Everyman Media Group has announced the sudden departure of CEO Richard Scrimgeour, following a significant profit warning that sent the company’s shares tumbling. Scrimgeour joined ATC’s Board in January 2021. During his tenure, the company’s stock price nosedived by a historic 76%. His departure follows just weeks after a disappointing trading update that cited tougher-than-expected trading conditions.
The company runs 49 venues throughout the United Kingdom and is known for its plush recliner seating and chef-driven menus. It projects total operating revenues of £114.5 million for 2025. This figure is a £121.5 million or 6.5% downward revision from earlier forecasts. Everyman Media Group is promising such good value that we’ll see underlying earnings of at least £16.8 million this year. This figure is significantly less than their previous estimate of £19.9 million.
The trading update published on December 10 came crashing down with bad news. It said that sales in the final month of the year were “softer than expected.” In the wake of this announcement, the company’s stock tanked 20%, immediately triggering a reset on leadership and vision.
Scrimgeour’s tenure, though, was not without challenges, including steering the association through the unprecedented impact of the Covid-19 pandemic. He was instrumental in making sure the business emerged out of it stronger and better and took the business through that recovery. Compared to that health crisis, he’s more than tripled his revenue.
“Richard played a pivotal role in the team that successfully led the business through its recovery from Covid, more than doubling revenue,” – Philip Jacobson, Chairman of Everyman Media Group.
With Scrimgeour’s exit, the company hopes to soon implement a turnaround program.
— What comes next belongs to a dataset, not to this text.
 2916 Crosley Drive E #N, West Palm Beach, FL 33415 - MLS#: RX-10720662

Chairman Philip Jacobson could not be more clear about the need to be strategic in the changes we pursue.
“We are opting to remove it from the public spotlight to enact a turnaround programme,” – Mr. Coatsworth.
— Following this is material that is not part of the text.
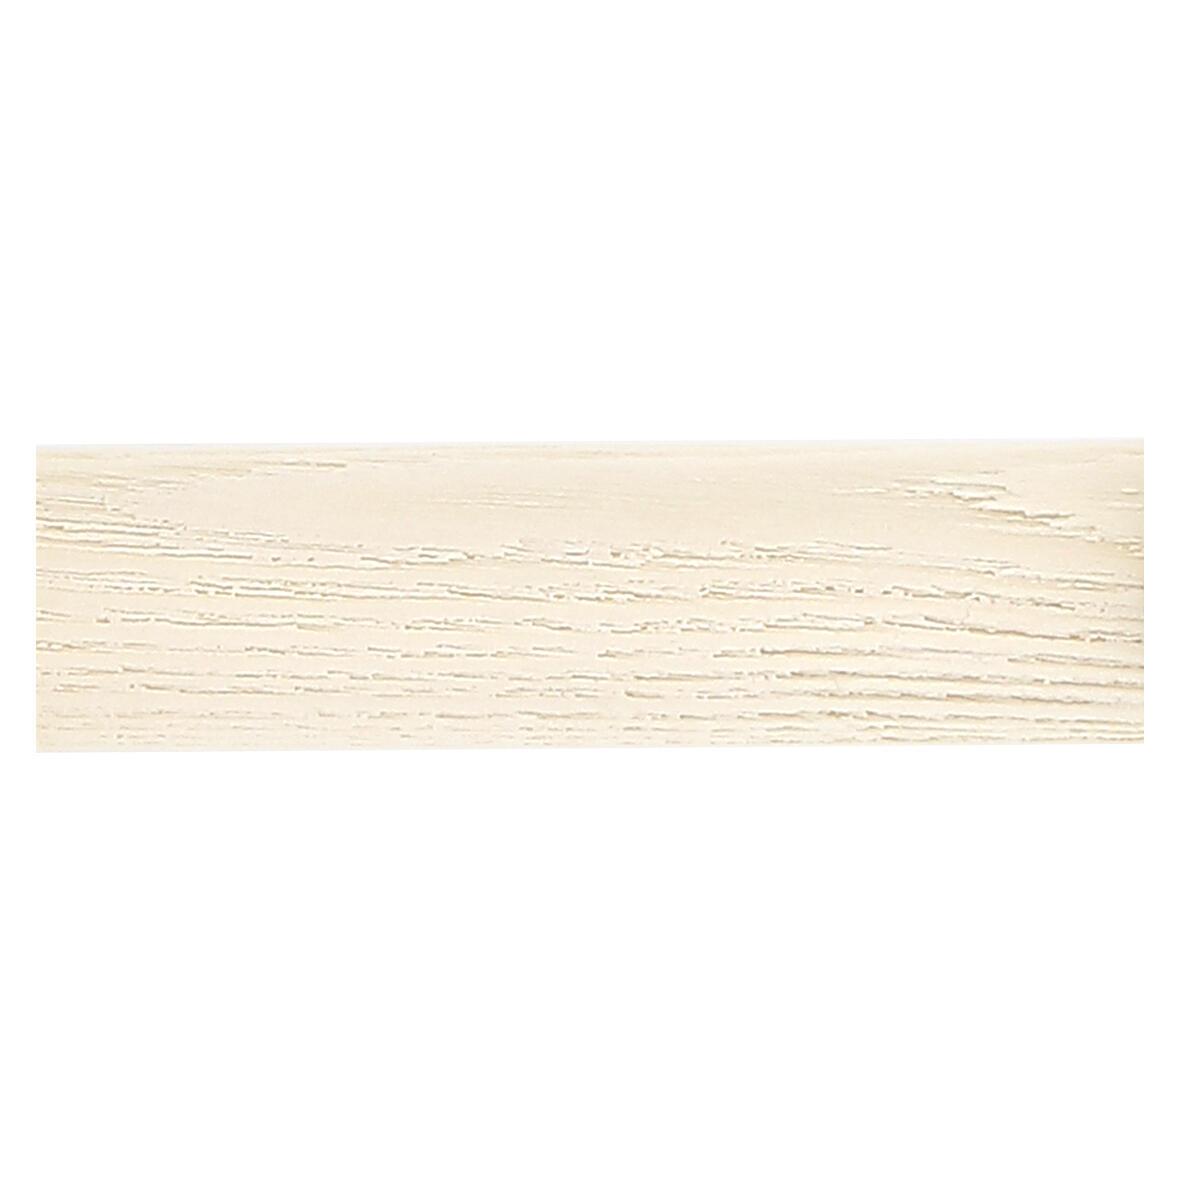 Bastone per tenda Boheme in frassino Ø 28 mm sabbia sbiancato 250 cm - 2

Before joining Everyman Media Group Scrimgeour was head of Cote Brasserie, a chain of French restaurants since 2015. His time in the hospitality sector provided him with a fresh pair of eyes to examine the cinema industry. It was only a temporary measure that proved insufficient to shore up investor confidence amid drastic market volatility.
Going forward, Everyman Media Group will need to balance this change as they begin to pay for it with the clear concerns expressed by investors and stakeholders. The company’s prospects to recover from its current fiscal strife will be heavily reliant on its upcoming plans and leadership vision.